Quante volte abbiamo sentito questa frase e come tanti altri luoghi comuni o modi di dire, non l’abbiamo mai analizzata correttamente, giustamente presi dalla gravità dell’accaduto e dai danni alle persone ed alle cose.
Nella realtà le bombole non scoppiano, non sono bombe, sono recipienti a pressione e come tutti i recipienti si possono rompere e questo accade quando la pressione interna supera la resistenza del contenitore.
Quando questo accade si verifica una fuoriuscita del contenuto, che in genere è gas liquefatto, che al contatto dell’aria ed in qualche caso in presenza di scintille, esso esplode. Questo sì che scoppia! Quindi è il contenuto che scoppia o deflagra, mentre la bombola si può rompere ed al massimo spostarsi, per effetto della reazione alla fuoriuscita violenta del gas contenuto in essa.
Il problema dei danni e del pericolo collegato alla rottura rimane, perciò è necessario che i costruttori di recipienti in pressione, seguano scrupolosamente le normative che riguardano questi contenitori e che ne regolano in modo preciso le caratteristiche ed i limiti operativi.

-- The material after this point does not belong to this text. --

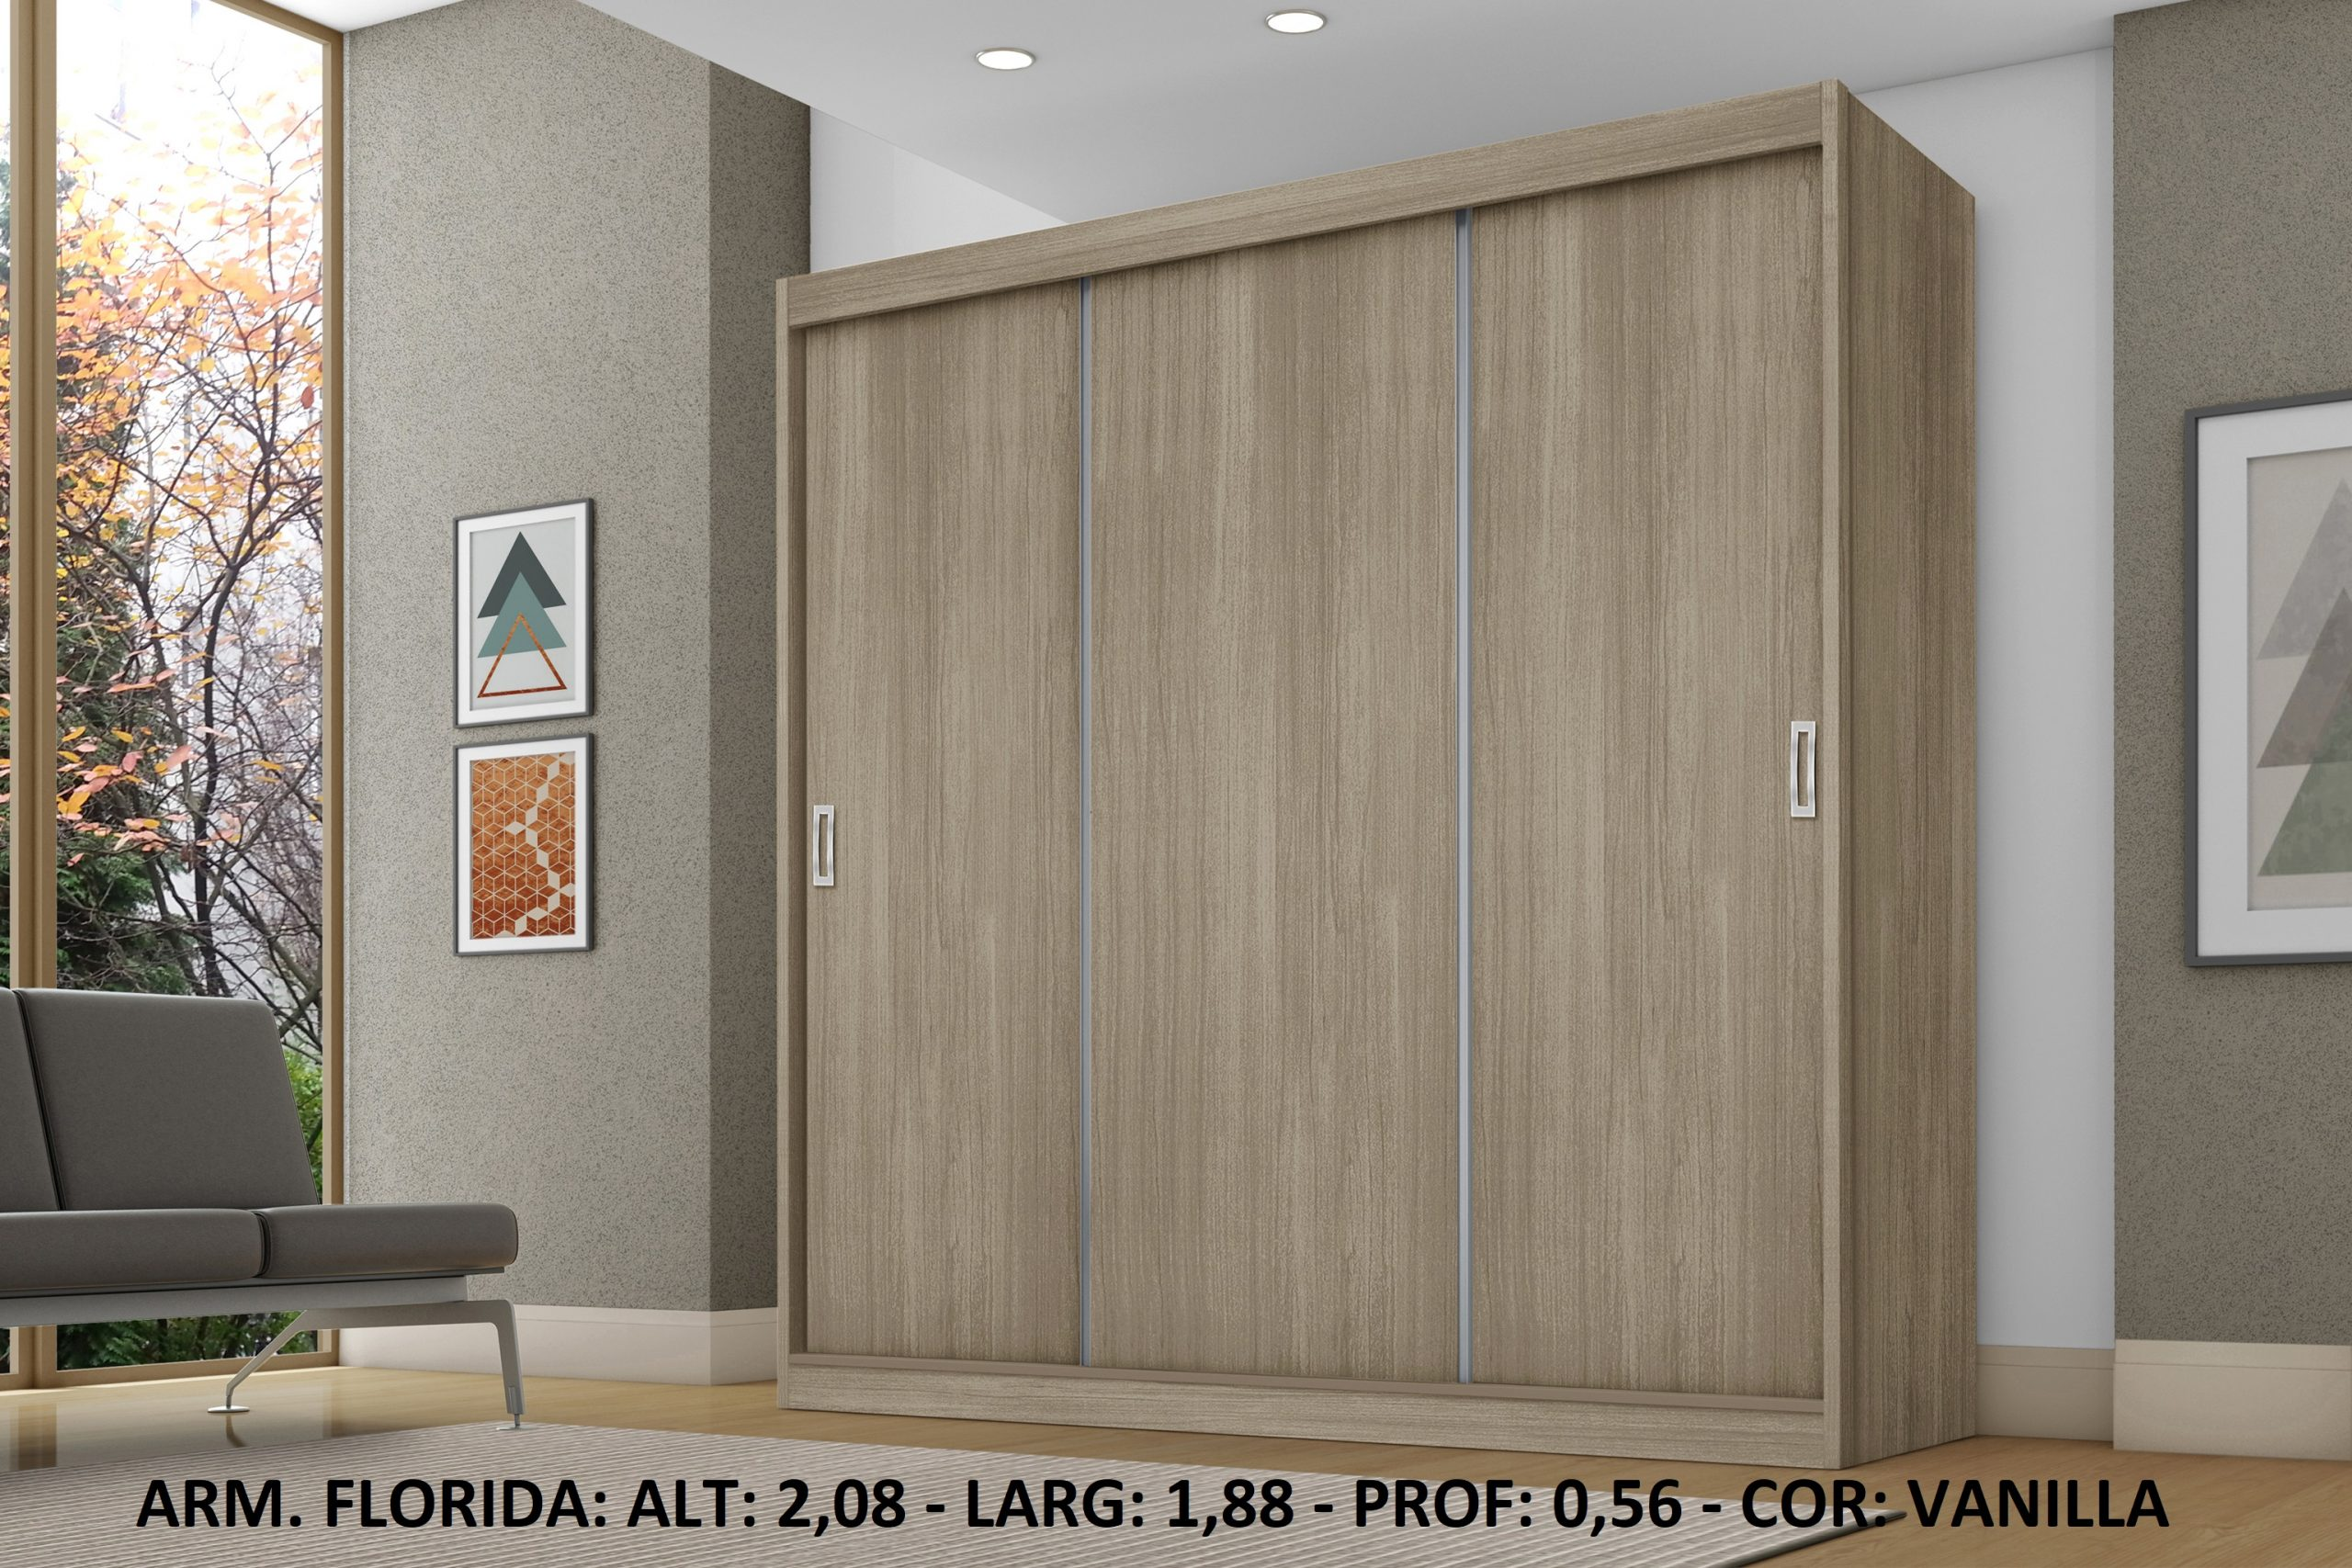 4_Arm Florida - Vanilla 2A

In particolare la Direttiva PED disciplina tutta l’attività per giungere alla marcatura CE di tutte le apparecchiature che operano con pressioni presenti superiori al 0,5 bar relativi (1,5 assoluti).
La Direttiva PED prevede varie categorie di recipienti in pressione che vanno dal pericolo più basso a quello più alto e da un certo livello in su la marcatura prevede obbligatoriamente l’intervento di un Organismo Notificato.

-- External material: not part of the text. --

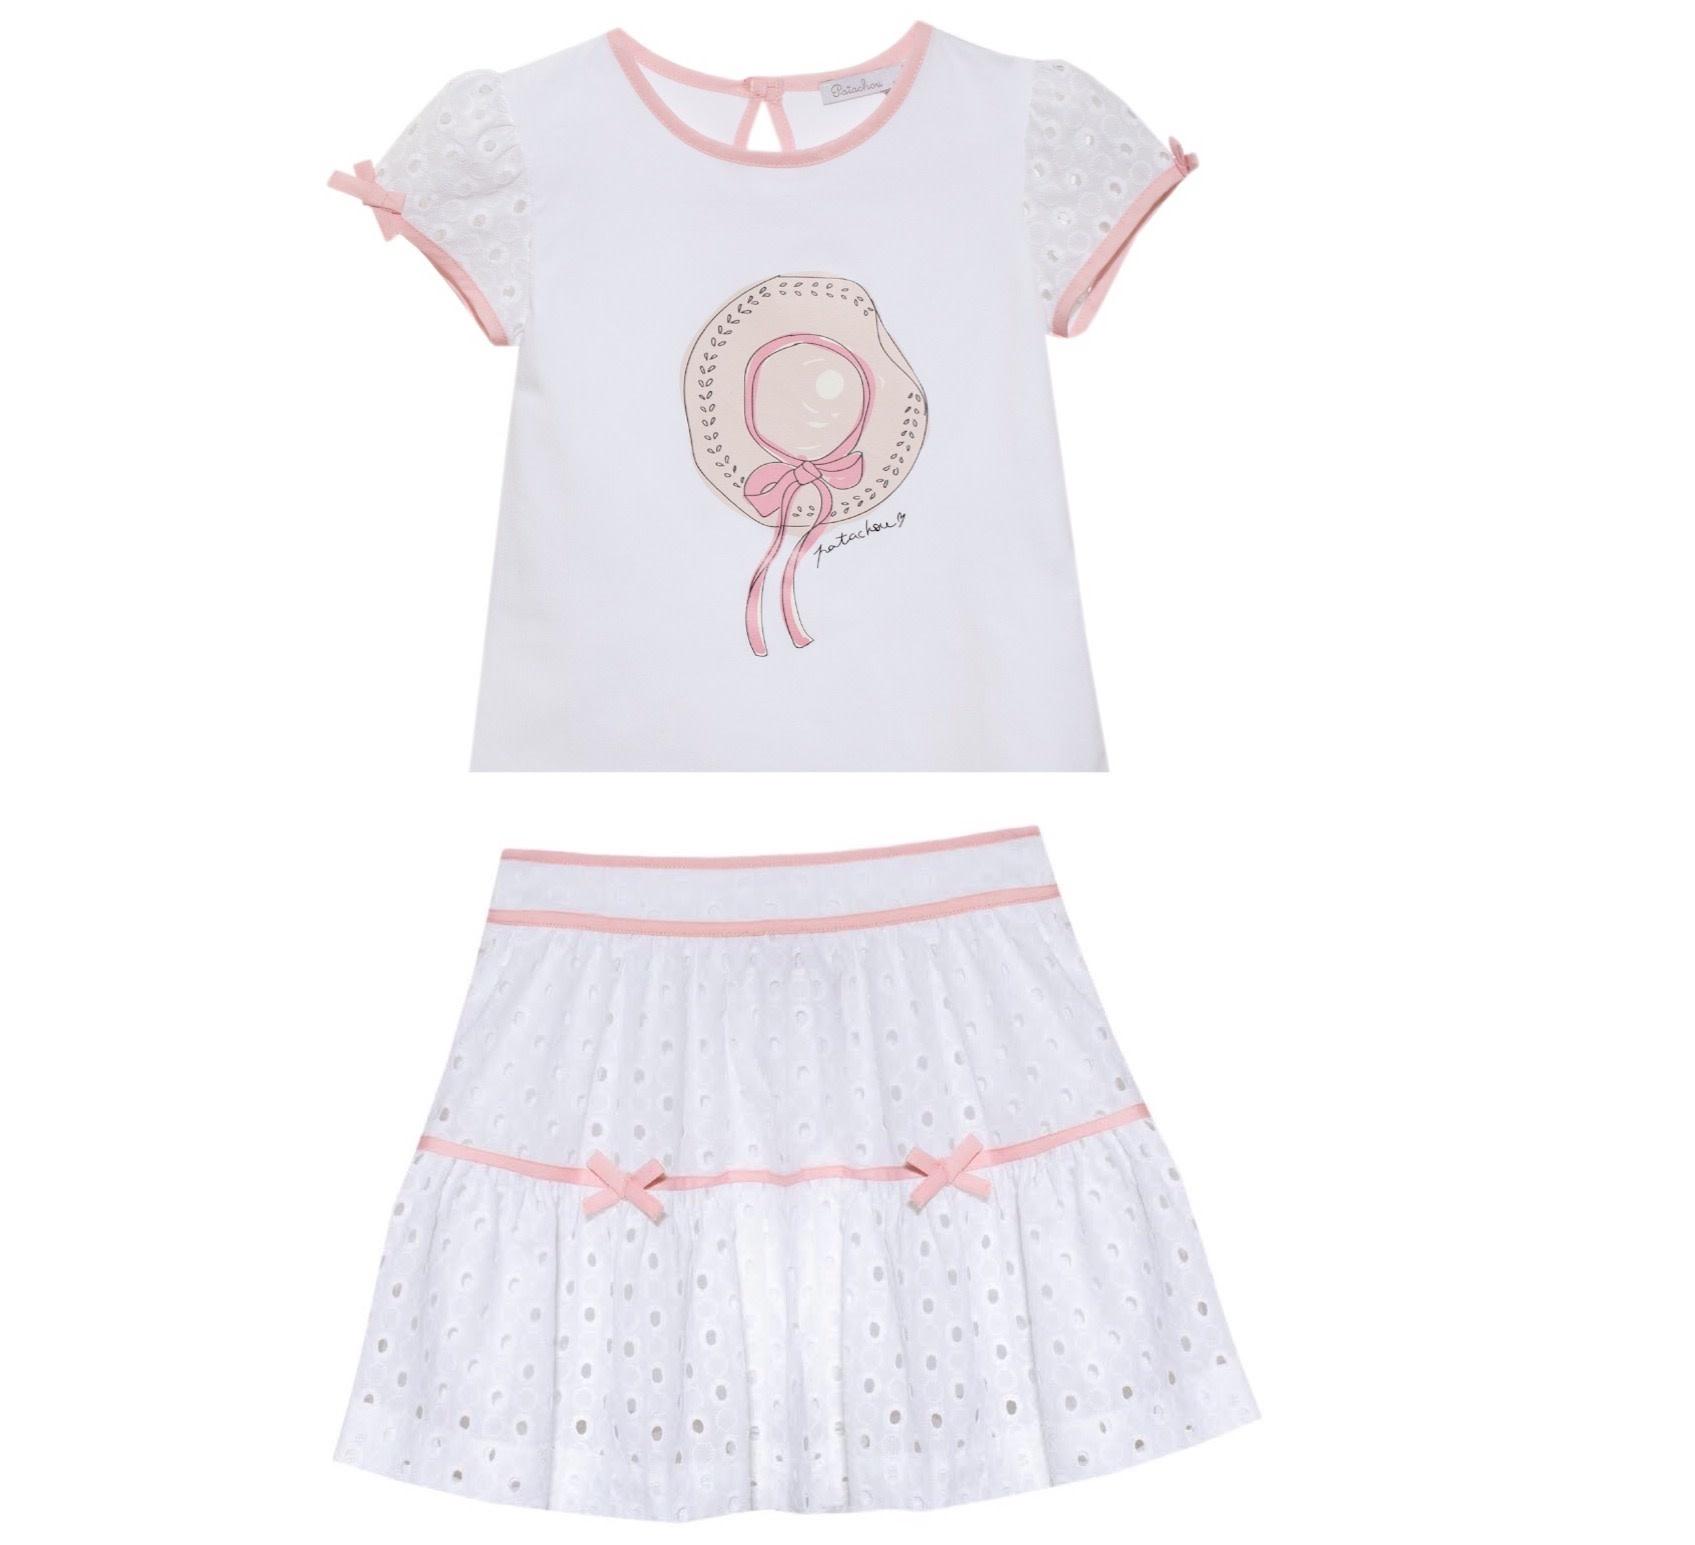 Patachou Patachou 402/407 Hat T-shirt and Skirt Set

Le bombole per il gas domestico o da campeggio, che sono quelle più diffuse, vengono collaudate tutte ad una pressione molto più alta di quella di esercizio ed una, presa con una certa frequenza dalla produzione, viene portata a rottura, arrivando a sopportare pressioni impressionanti, quindi è altissimamente improbabile che una bombola per il gas di uso domestico si rompa o “scoppi”, può però succedere che per errore si lasci aperto l’erogatore, con le conseguenze che conosciamo.
Sono molti altri i recipienti a pressione installati su impianti e macchinari, tutti questi devono essere marcati CE ed, a seconda degli impieghi, debbono anche sottostare a controlli da parte di istituti notificati, cioè ufficialmente riconosciuti, questi attestano la conformità del prodotto tipo, ma spetta al costruttore espletare tutte le pratiche per la marcatura, che è l’unica strada per la messa in commercio.
Quindi state tranquilli a proposito dell’eplosività delle bombole, ma ….. occhio al marchio!